Yan Yean is a locality in Melbourne, Victoria, Australia, 34 km north-east of Melbourne's central business district, located within the City of Whittlesea and Shire of Nillumbik local government areas. Yan Yean recorded a population of 246 at the .

Yan Yean contains Yan Yean Reservoir. Melbourne's first reservoir, a 560 hectare lake with a capacity of 30,000 megalitres, was first established in December 1853 and provides water to Melbourne's northern and central suburbs. A park around the reservoir, managed by Parks Victoria, offers picnic, barbecue and walking facilities.

==History==
Originally Yan Yean occupied quite a large area, and the first Yan Yean Post Office opened on 1 March 1859 and was replaced by Morang in 1861. The next Yan Yean Post Office opened in 1875 and was renamed Yan Yean South in 1892 (later Mernda). A Barber's Creek office (opened 1876) was renamed Yan Yean Railway Station in 1892, then Yan Yean in 1907 and closed in 1974.

==Today==
Yan Yean is the home of Bears Castle.

The Northern Melbourne Institute of TAFE operate a 200 hectare training property at Yan Yean dedicated to training students in cattle and deer farming, aquaculture and the production of medicinal herbs and essential oils.

Golfers play at the Growling Frog Golf Course on Donnybrook Road.

The Yan Yean Tennis Club is a 6 tennis court District level tennis club at TH Hurrey Reserve in Yan Yean, where a $3.9 million refurbishment began in 2017.

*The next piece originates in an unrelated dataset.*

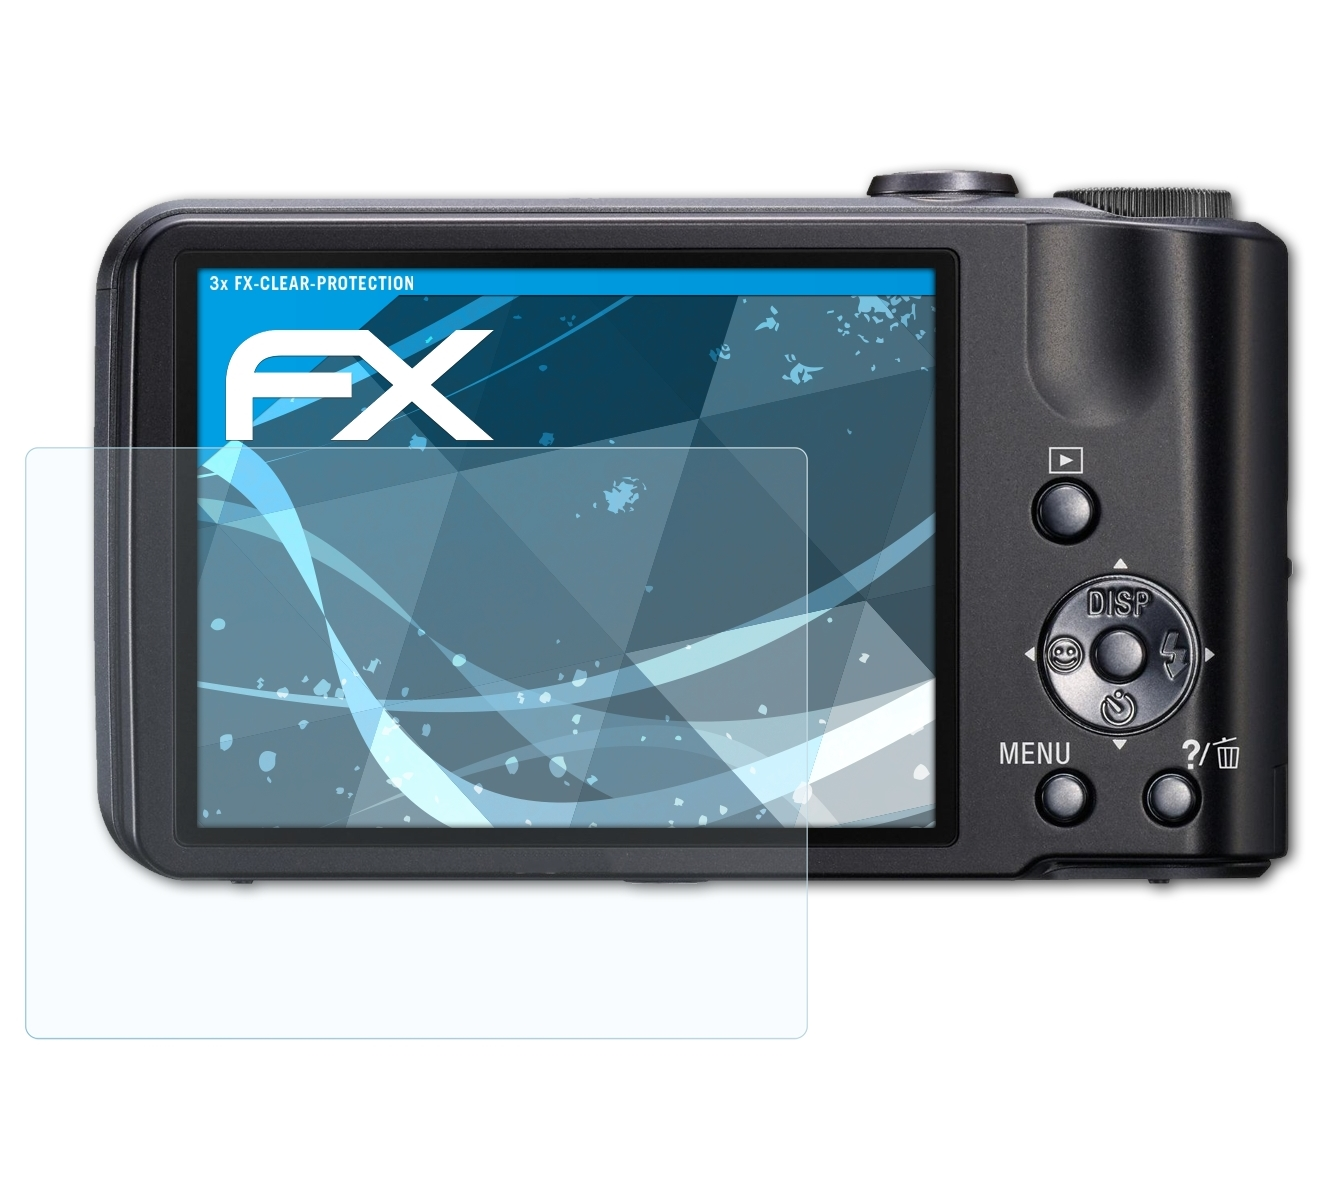 Sony ATFOLIX 3x DSC-H70) Displayschutz(für FX-Clear

Yan Yean also contains a cemetery, fruit and berry farm, stock feed and a tin shop.

==Future==
Victoria's Big Build includes ongoing work to heavily upgrade Yan Yean Road running from Diamond Creek, likely due to Yan Yean being highly likely to be developed in the coming decades, following the ongoing development of Doreen and Mernda to the South.